Greetings STARFLEET,
Balance is critical, and so is understanding privilege. That’s why for this week’s IDIC discussion, we’re going to examine the idea of privilege and the many ways it can interact with speech/expression.
When most people think of privilege in a social context, they’re thinking of special advantage. In truth, privilege is either an advantage or lack of barrier that only a specific group gets. Privilege is not limited by demographics, as items like being raised in a loving home are also considered.
Every society has a default type of people that built it. Typically, this type carried through the legal system and social norms throughout the history of that society. This is how most privilege develops, and particularly how demographic privilege did.
Let’s look at the U.S. as an example. The Constitution, which creates the other aspects of government, was signed in 1787. It was written by white men, many of whom occupied prominent positions in society (SFA plug, there’s a whole college devoted to this!).

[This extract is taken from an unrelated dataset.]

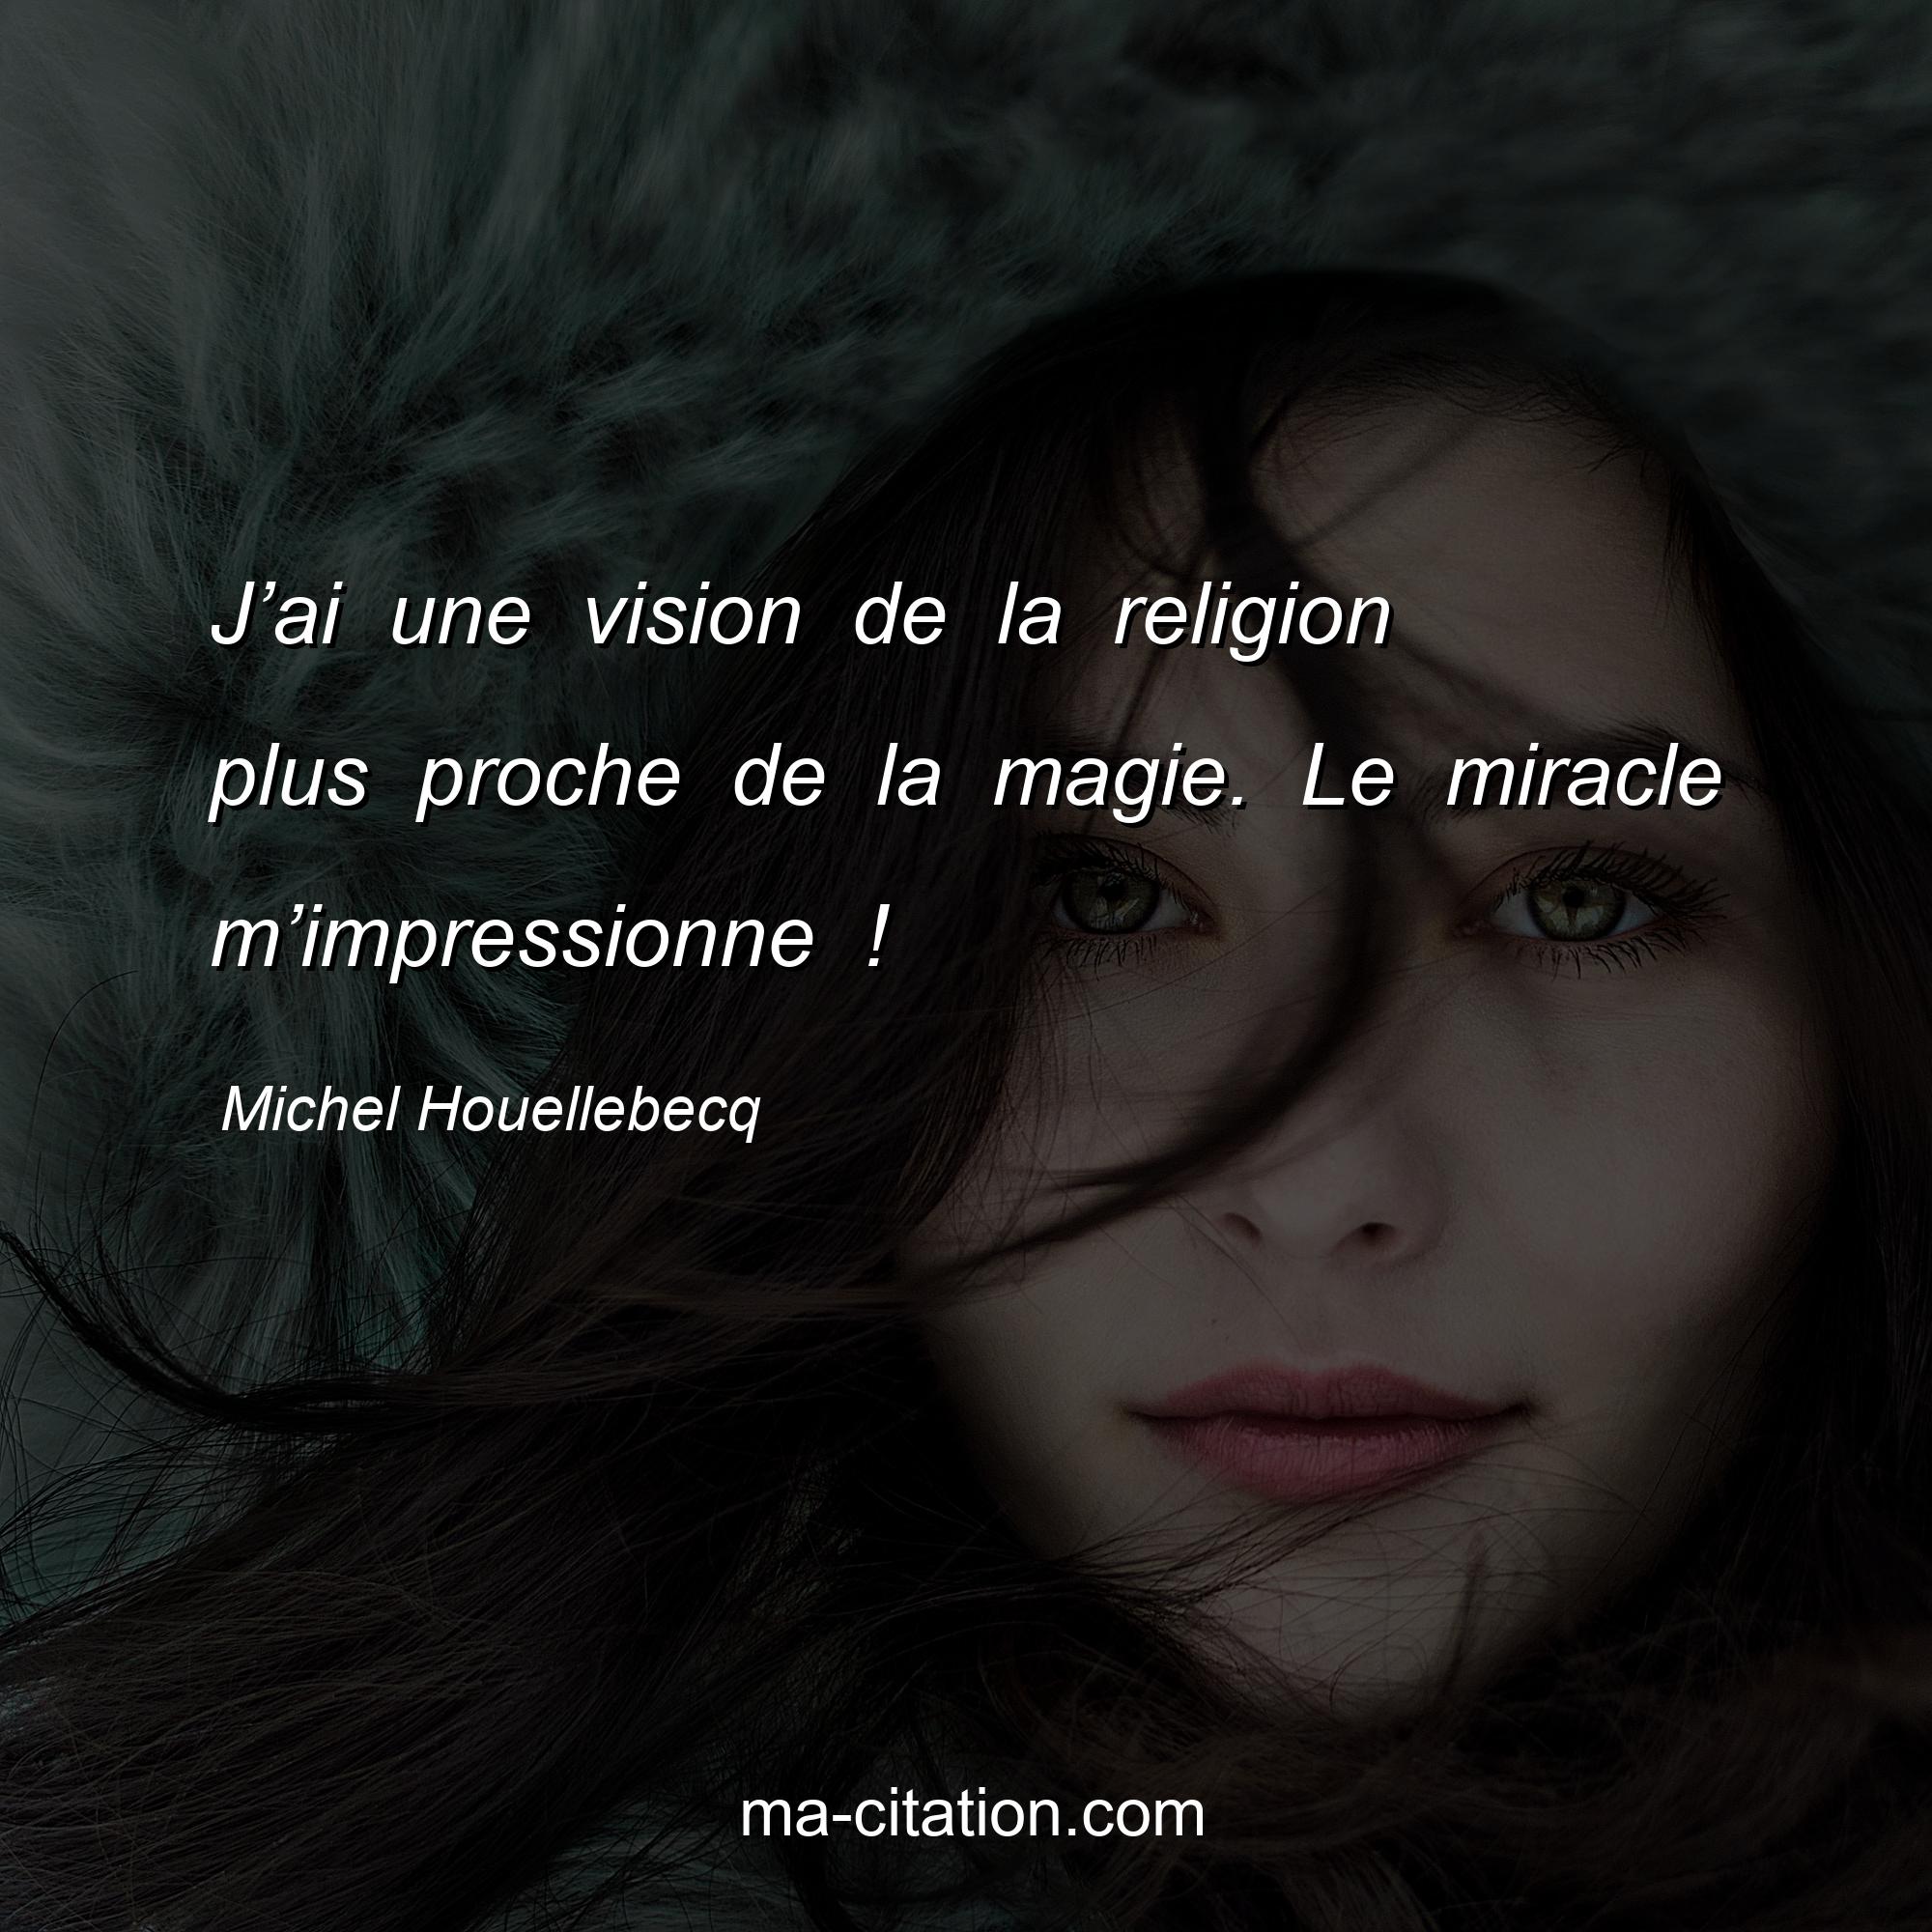 Michel Houellebecq : J’ai une vision de la religion plus proche de la magie. Le miracle m’impressionne !

As such, the document that created the U.S. as we know it was based on their worldviews.
While there were changes to the document over time, the prime pieces wound their way into the social order and still influence it today. For example, Christian was the preferred religion in the States at the time, even though the same people who wrote the Constitution wrote the 1st Amendment protecting religious freedom. Items like that persisted in how society arranged itself.

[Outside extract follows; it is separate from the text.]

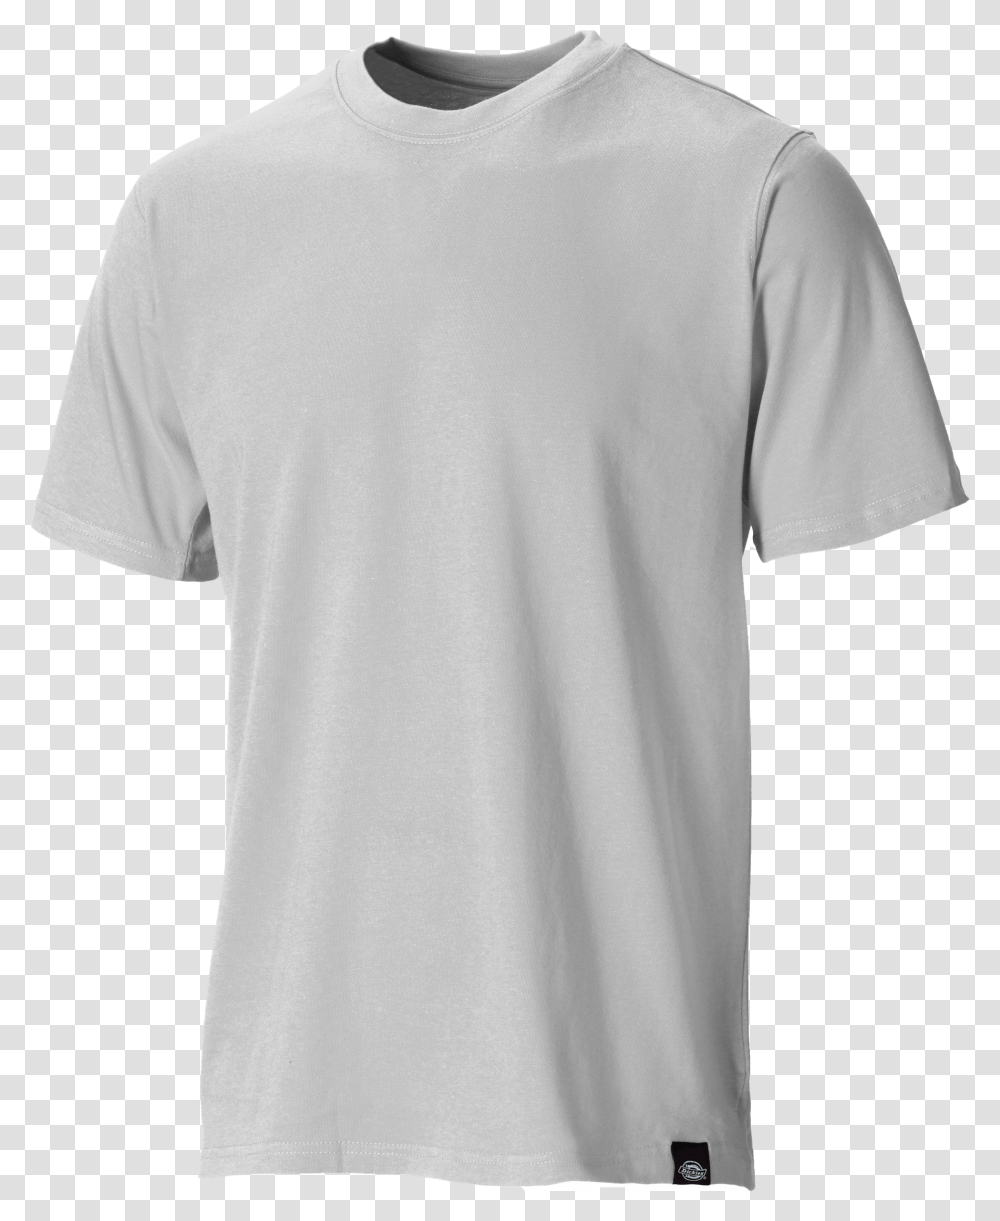 grey t shirt transparent

Fast forward to today, and these factors are still influential. A Harvard study found that the belief persists that men are better at certain tasks than women. Ethnic-sounding names still receive fewer interviews in the U.S. when submitted with identical resumes. Those old ideas are still influential, and people may not even realize they’re holding them (subconscious bias).
It comes back to privilege and how privilege may be as subtle as a first name passed through your family not being an obstacle to overcome to get a job interview. Equality and equitability do not have winners and losers. Instead, we can all help create change by recognizing our privileges
Let’s be the change STARFLEET.
Yep, in a nutshell. If there are no societal limits on what you can do? You might just be privileged and probably don’t even realize it.
Provided in our Discord discussions – and it belongs here.
https://www.youtube.com/watch?v=4K5fbQ1-zps
We all run our own race, and deal with our starting positions – but don’t think that factors that have nothing to do with you as an individual helped determine that position.